C’est ce souvenir qui m’a inspiré le titre de mon texte : Mon Serge Fiori.

Même à la retraite de Radio-Canada, je continue à m’intéresser à cet artiste qui devient beaucoup plus présent dans l’actualité.

En 2014, Fiori nous offre, enfin, un nouveau disque solo que j’adopte immédiatement et dans son tout. De la chanson Le monde est virtuel, formidable constat de l’air du temps, en passant par Laisse-moi partir déjà mentionnée, et Jamais, sur laquelle il marie de nouveau sa voix à celle de Monique Fauteux, c’est tout bon.

Ce disque vaut deux autres Félix en carrière à Serge Fiori : Meilleur vendeur et Album de l’année- adulte contemporain.

Deux ans plus tard, le 15 novembre 2016, Fiori ressort L’Heptade, en format XL.

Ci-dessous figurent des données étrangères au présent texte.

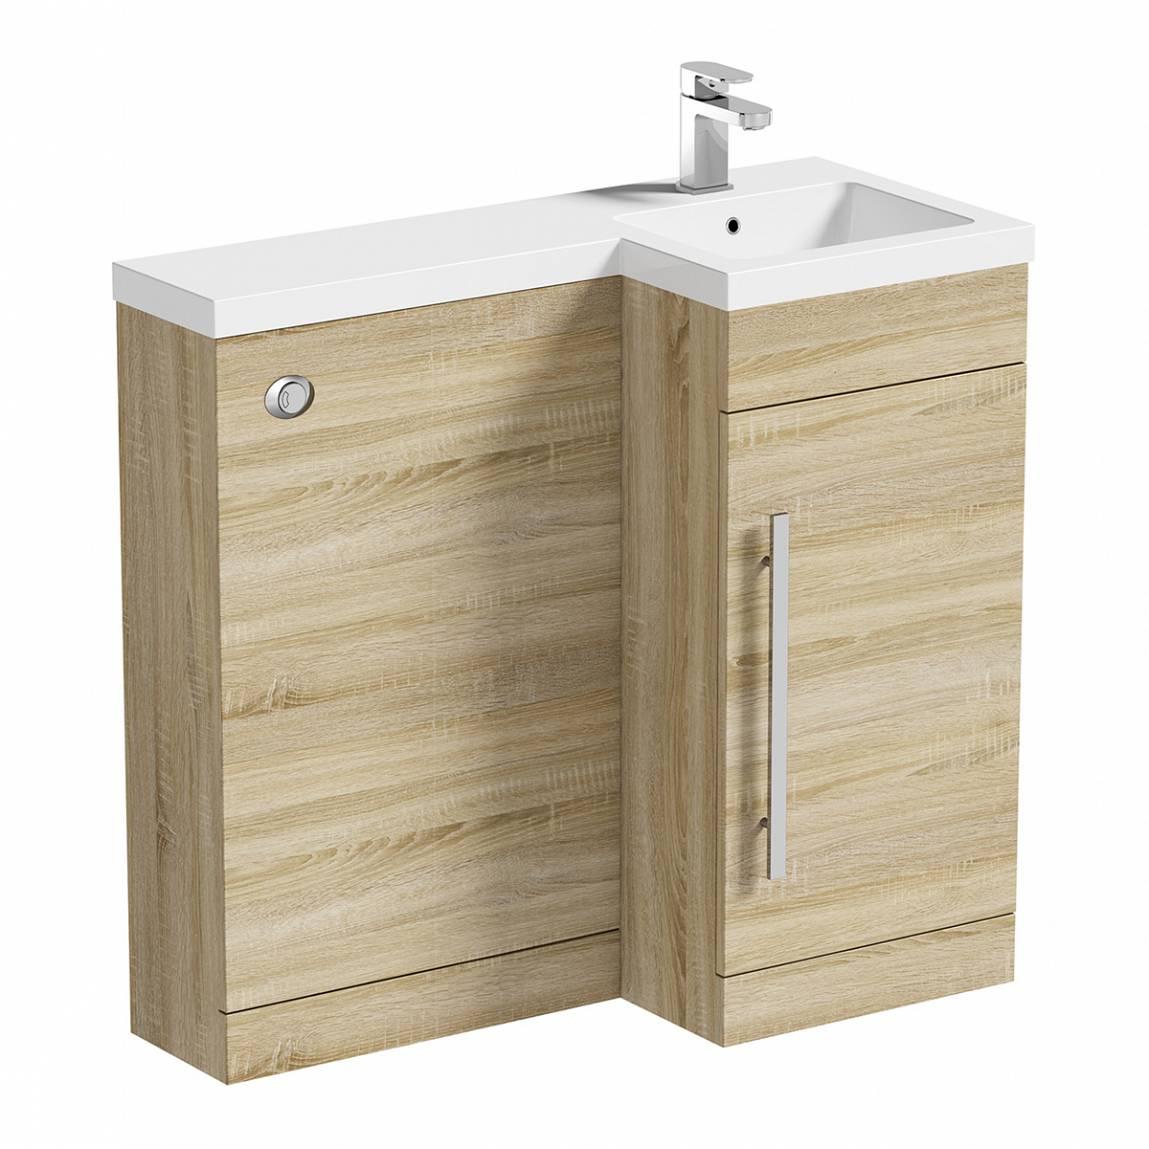 Image of MySpace Oak Combination Unit RH including Concealed Cistern

Je suis alors journaliste au magazine web avenues.ca.:

‘’Le coffret de trois CD offre une rareté: des images d’Harmonium en spectacle. À l’Outremont! Et il y a aussi une chanson en prime, C’est dans le noir, que Serge Fiori avait écrite pour ouvrir le spectacle L’Heptade. Fiori trouvait que commencer avec Comme un fou, était un peu trop raide. Cette nouvelle chanson, enregistrée au Centre national des arts d’Ottawa en 1977, a été rescapée d’une cassette, elle aussi découverte à la onzième heure. Il y a dans les crédits une mention à Jean-Pierre Bissonnette pour le «débruitage».  Fou ce que la technologie permet aujourd’hui.’’

Et de poursuivre :

‘’ Ce qui m’a renversé et fait verser quelques larmes à l’écoute de L’Heptade XL, c’est la charge émotive qu’il y a dans cette œuvre. On la reçoit différemment selon qu’on a 18 ans, comme au moment de la sortie du disque, ou 58 ans aujourd’hui.

 

Je suis fasciné de penser que Serge Fiori a commencé à écrire ça alors qu’il avait 23 ans. l’heptade témoignait d’une grande maturité musicale.

 

Ça n’a pas vieilli. C’était déjà en dehors du temps en 1976 comme en témoigne entre autres la  fabuleuse pièce instrumentale Lumière de jour du pianiste Serge Locat.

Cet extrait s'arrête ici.